Carl Icahn’s Failed Raid on Washington - GabrielF00
http://www.newyorker.com/magazine/2017/08/28/carl-icahns-failed-raid-on-washington
======
kelukelugames
>Icahn’s role was novel. He would be an adviser with a formal title, but he
would not receive a salary, and he would not be required to divest himself of
any of his holdings, or to make any disclosures about potential conflicts of
interest. “Carl Icahn will be advising the President in his individual
capacity,” Trump’s transition team asserted. In the months after the election,
the stock price of CVR, Icahn’s refiner, nearly doubled—a surge that is
difficult to explain without acknowledging the appointment of the company’s
lead shareholder to a White House position. The rally meant a personal benefit
for Icahn, at least on paper, of half a billion dollars.

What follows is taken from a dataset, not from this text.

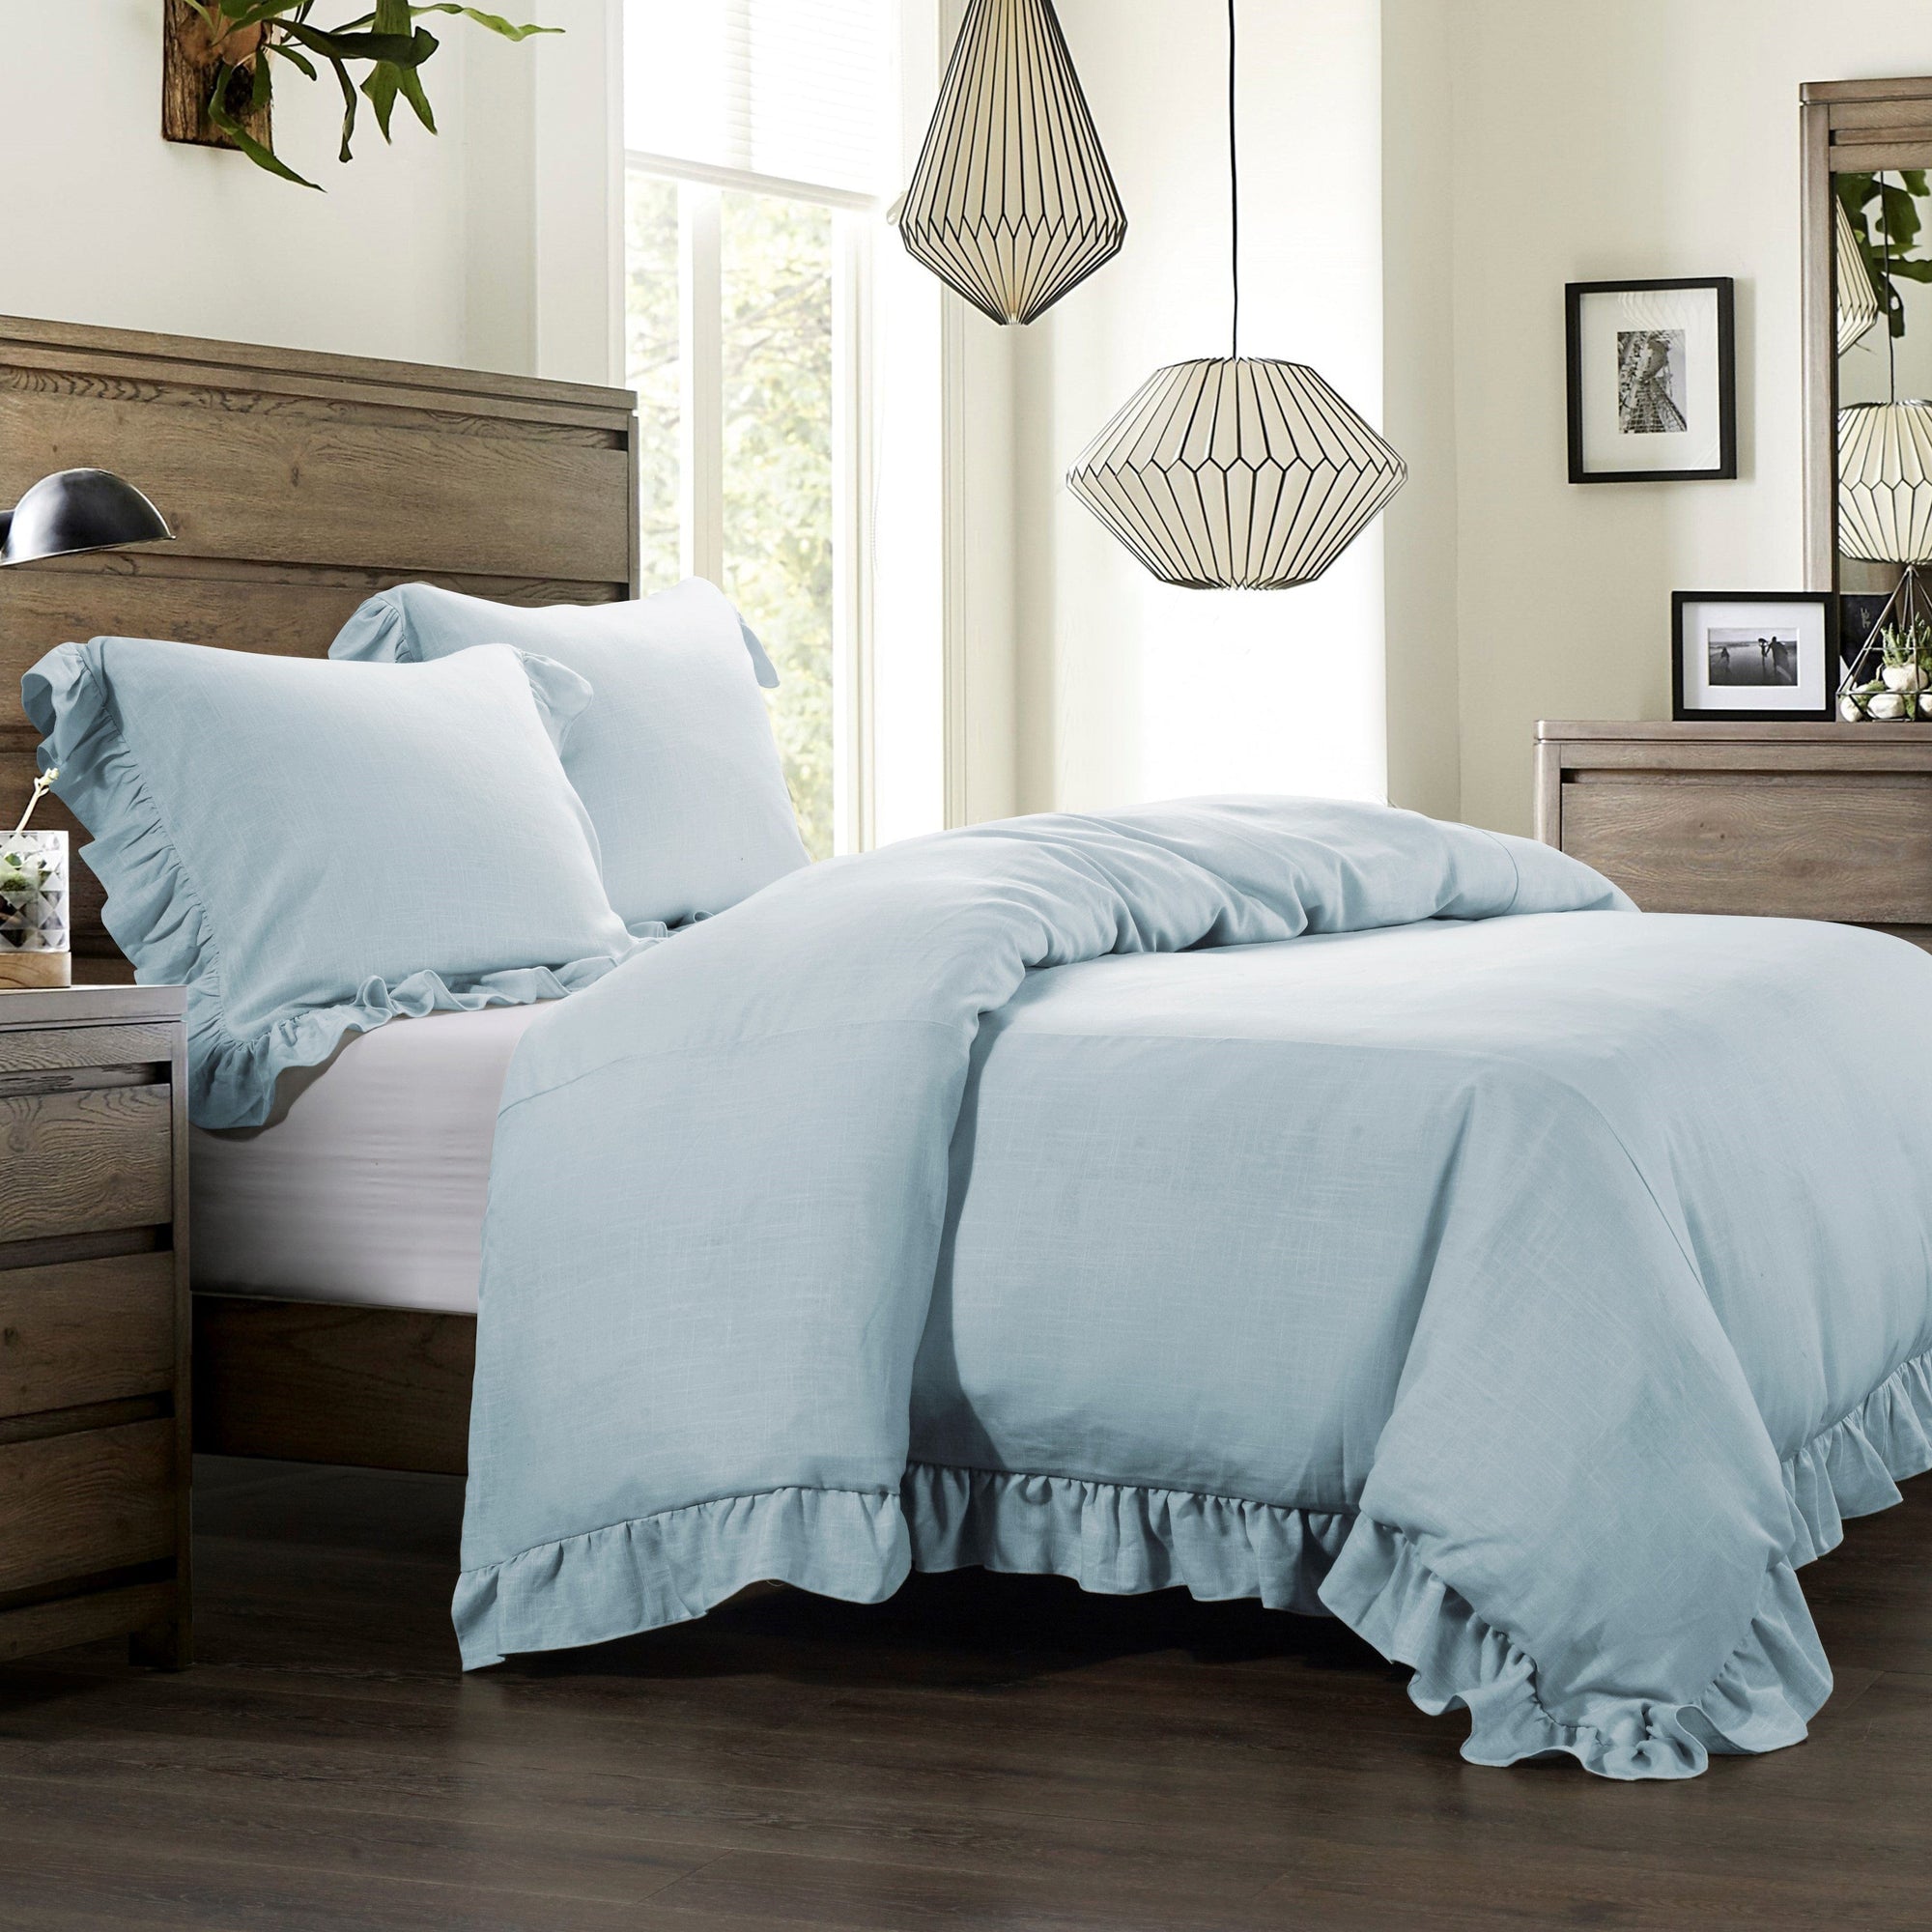 Lily Washed Linen Ruffled Bedding Set Comforter Set / Super Queen / Light Blue Comforter / Duvet Cover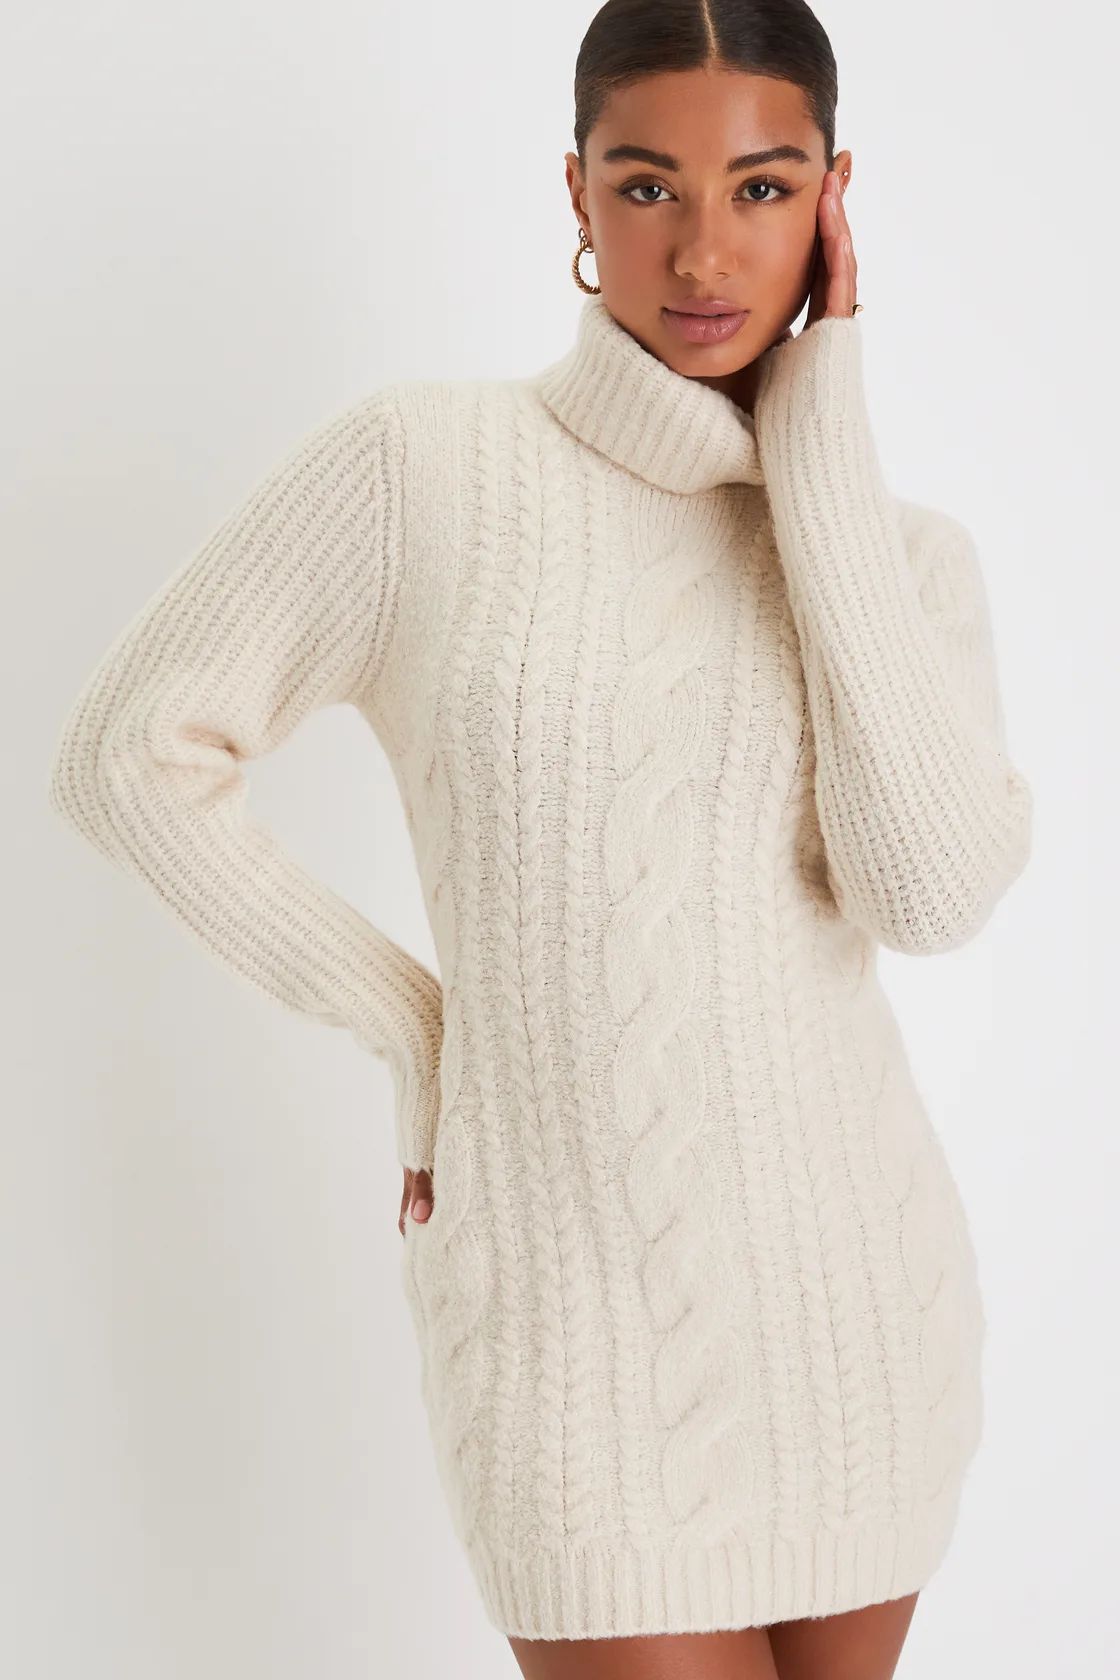 Cozy Vision Ivory Cable Knit Turtleneck Mini Sweater Dress | Lulus (US)

There was an
expectation in the market—an expectation created, in part, by Icahn’s own
remarks—that, with Trump in the White House and Icahn playing consigliere, the
rules were about to change, and not just at the E.P.A. Icahn’s empire ranges
across many economic sectors, from energy to pharmaceuticals to auto supplies
to mining, and all of them are governed by the types of regulations about
which he would now potentially be advising Trump.

How is this shit legal?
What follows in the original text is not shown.